### What you will do
The listing below should be printed exactly, though its pictures must not be.

### Exercise data

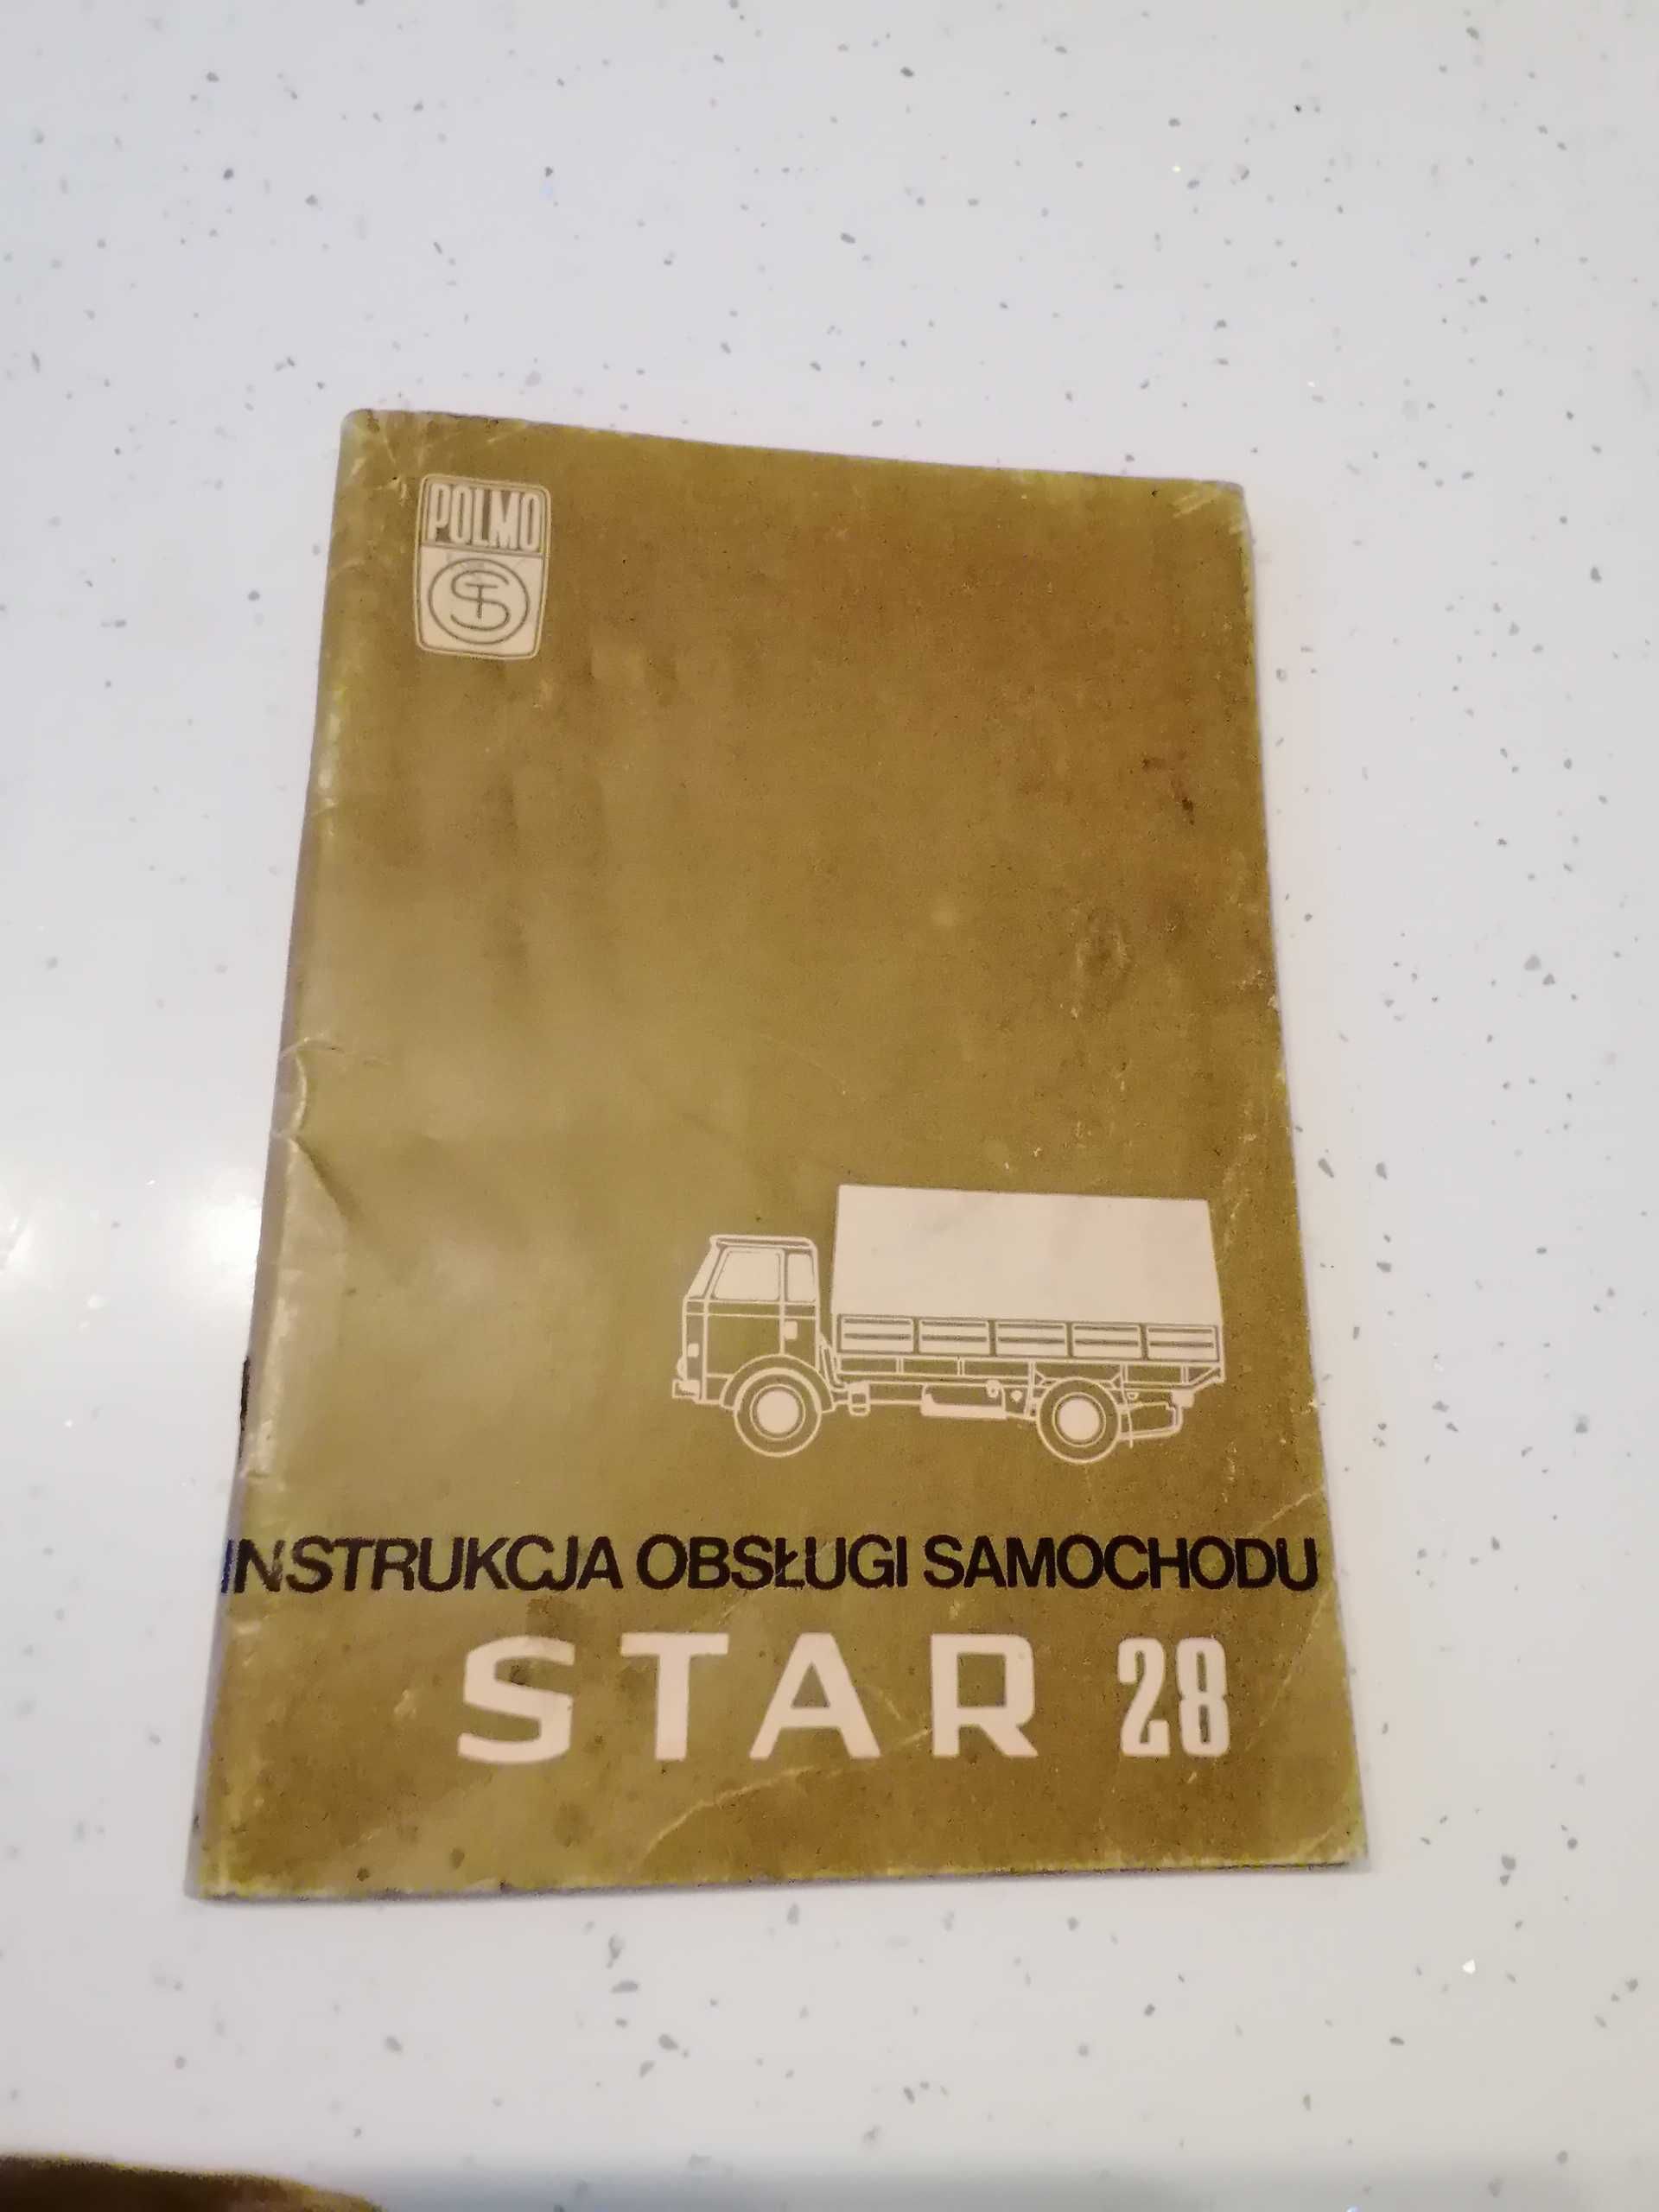 STAR 28 - instrukcja obsługi samochodu oryginał z 1976 roku
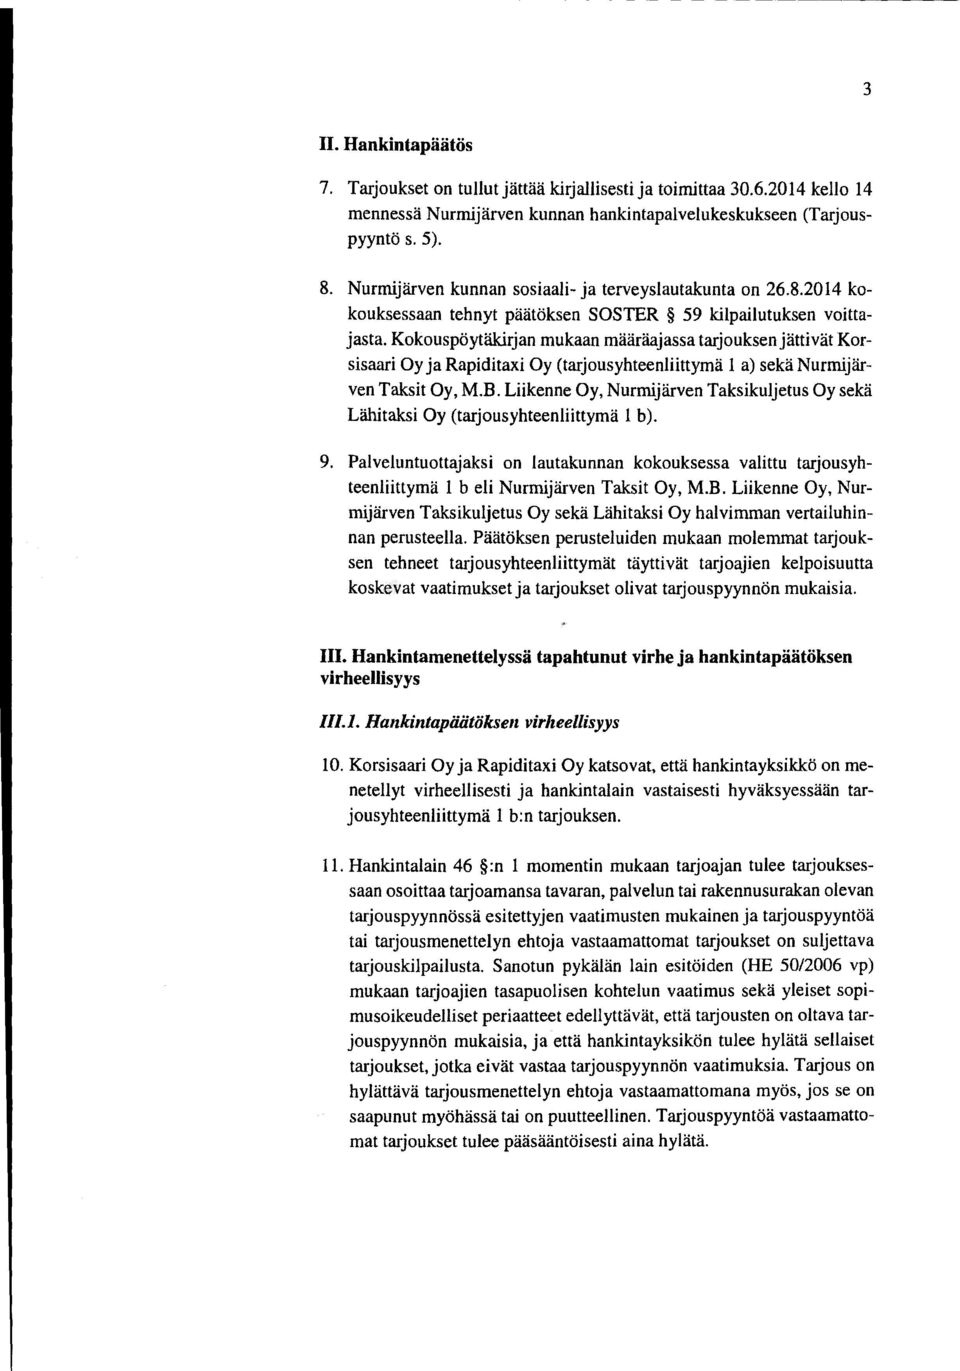 Kokouspöytäkirjan mukaan määräajassa tarjouksen jättivät Korsisaari Oy ja Rapiditaxi Oy (tarjousyhteenliittymä 1 a) sekä Nurmijärven Taksit Oy, M.B.
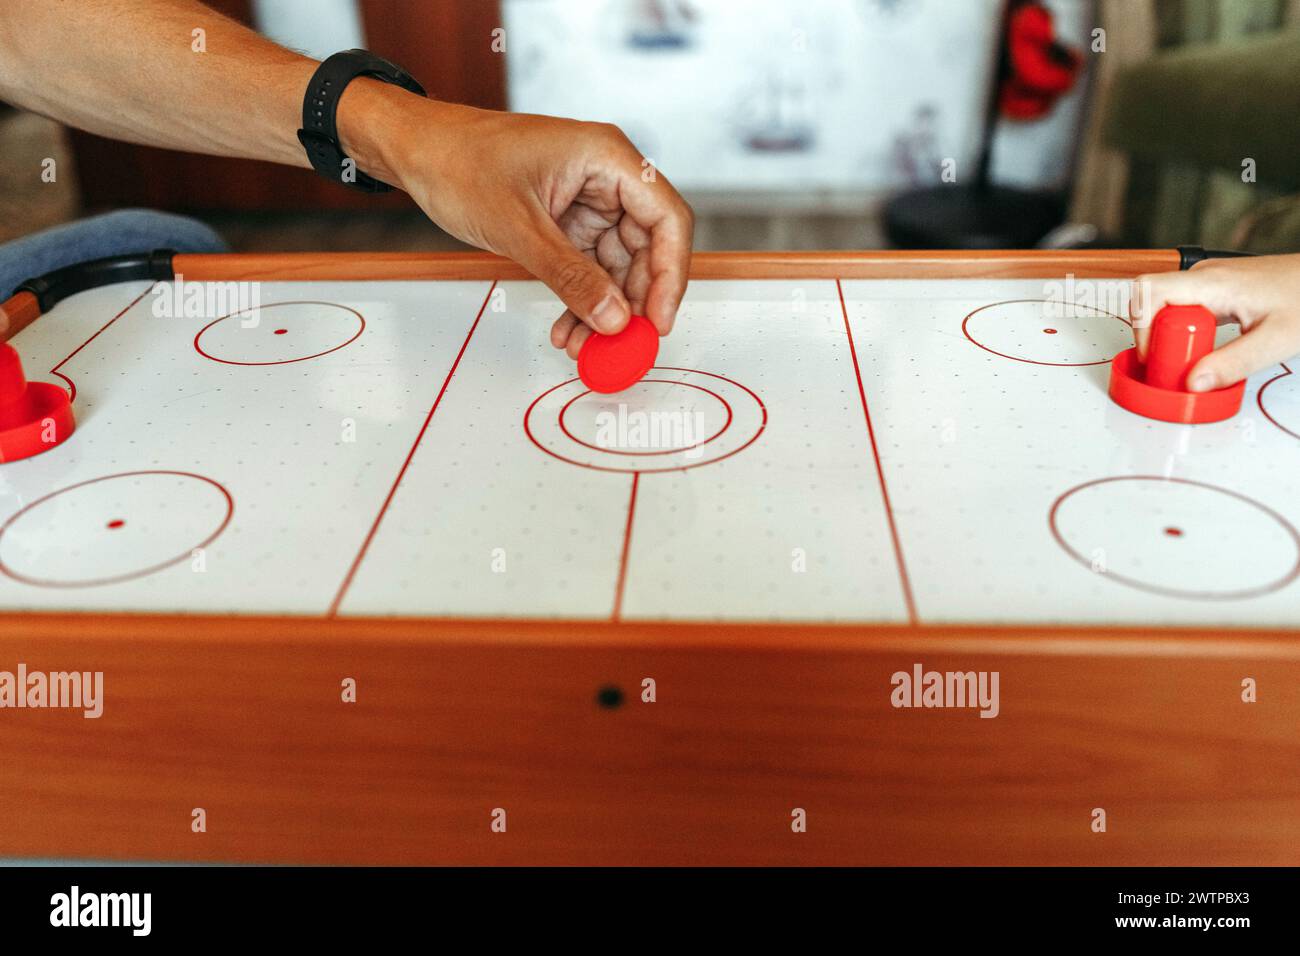 Due persone si sono impegnate in una partita di hockey da tavolo, colpendo sapientemente il disco con le palette su una superficie liscia del tavolo. Foto Stock

### Exercise output
 STAR 28 - instrukcja obsługi samochodu oryginał z 1976 roku
 Kokouspöytäkirjan mukaan määräajassa tarjouksen jättivät Korsisaari Oy ja Rapiditaxi Oy (tarjousyhteenliittymä 1 a) sekä Nurmijärven Taksit Oy, M.B.
 Due persone si sono impegnate in una partita di hockey da tavolo, colpendo sapientemente il disco con le palette su una superficie liscia del tavolo. Foto Stock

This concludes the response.